Принцесса с ужасом заметила, какой скрытой угрозой блеснули глаза Павла при последних словах. Она уже слышала много мрачных рассказов о мстительности великого князя, о неистовстве в гневе Екатерины II да, кроме того, вспомнила слова Фридриха: «Гнев России в случае вашего отказа первым делом обрушится на Гессен-Дармштадт». И она поняла, что ее признание легко может не спасти ее от ненавистного брака, но печально отразиться на любимом ею принце Леопольде.
— Нет, нет! — поспешила она ответить. — Нет, я никого не люблю и не знаю никого, кого могла бы предпочесть вам. Но и вас я тоже не люблю, а потому и хотела бы не связывать себя в данную минуту… Заклинаю ваше высочество…
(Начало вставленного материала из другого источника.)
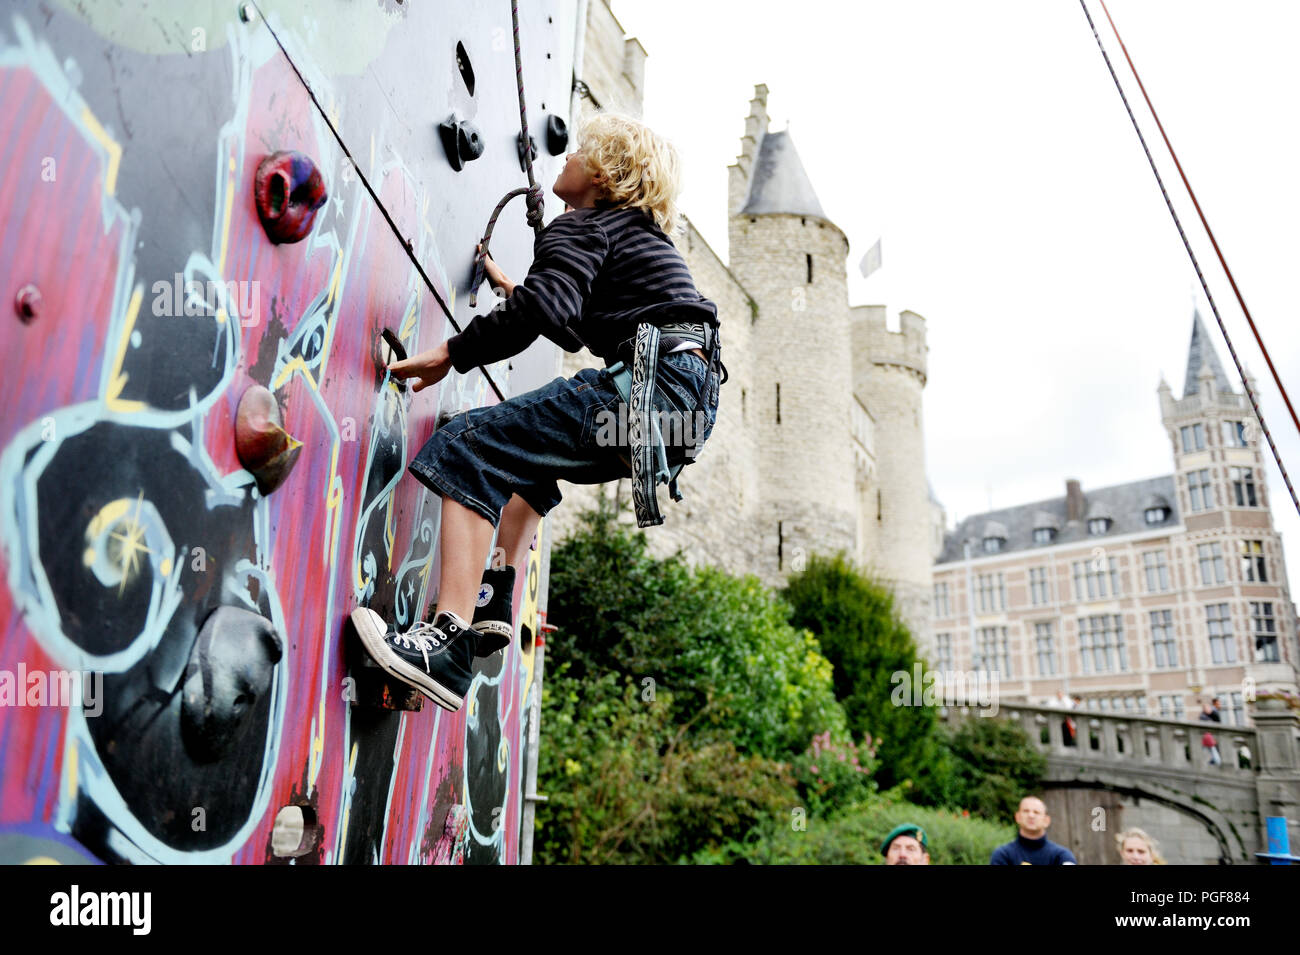 Bevrijdingsfeesten 2008, klimmuur en deathride op het Steenplein (Antwerpen, 07/09/2008) Stock Photo

Великий князь перебил ее громким, резким смехом.
— Милая принцесса, — сказал он, — вы очень чувствительны и мечтательны. Вы хотите выйти замуж по обоюдной любви. Но в таком случае вам не следовало рождаться под сенью трона. Это плохо гарантирует возможность личного счастья и отбрасывает мрачную тень на всю жизнь. Но ничего не поделаешь, милая принцесса, приходится мириться с жизнью, какова она есть, и вам не удастся составить счастливое исключение из этого общего для нас правила. Все равно, если даже я устрою к величайшему для себя вреду тот скандал, которого вы от меня требуете, вам от этого будет мало пользы: красивая, умная, воспитанная принцесса все-таки останется предметом домогательств других принцев, и в этих домогательствах будет так же мало любви, как и в моем предложении. Нет, об этом нечего и думать! Вы любезно заявили мне, что не любите, да и никогда не полюбите меня. Что же, откровенно говоря, и я тоже не люблю вас, а сделанное вами признание не даст возможности полюбить вас в будущем. И все-гаки я женюсь на вас. Да и почему бы мне отказываться? Я должен жениться по государственным соображениям, так не все ли мне равно, на вас ли мне жениться или на какой-нибудь другой принцессе? Все равно любить меня никто не любит, потому что я далеко не Адонис, способный кружить головы хорошеньким девушкам. Значит, я все равно обречен на брак без любви. Но заметьте себе, принцесса: раз вы выйдете за меня замуж, то я потребую от вас безусловной верности, и самый злейший враг не решится посоветовать моей супруге попытаться повторить мне, что она меня не любит. Такое признание я приму не только как личное оскорбление, но и как…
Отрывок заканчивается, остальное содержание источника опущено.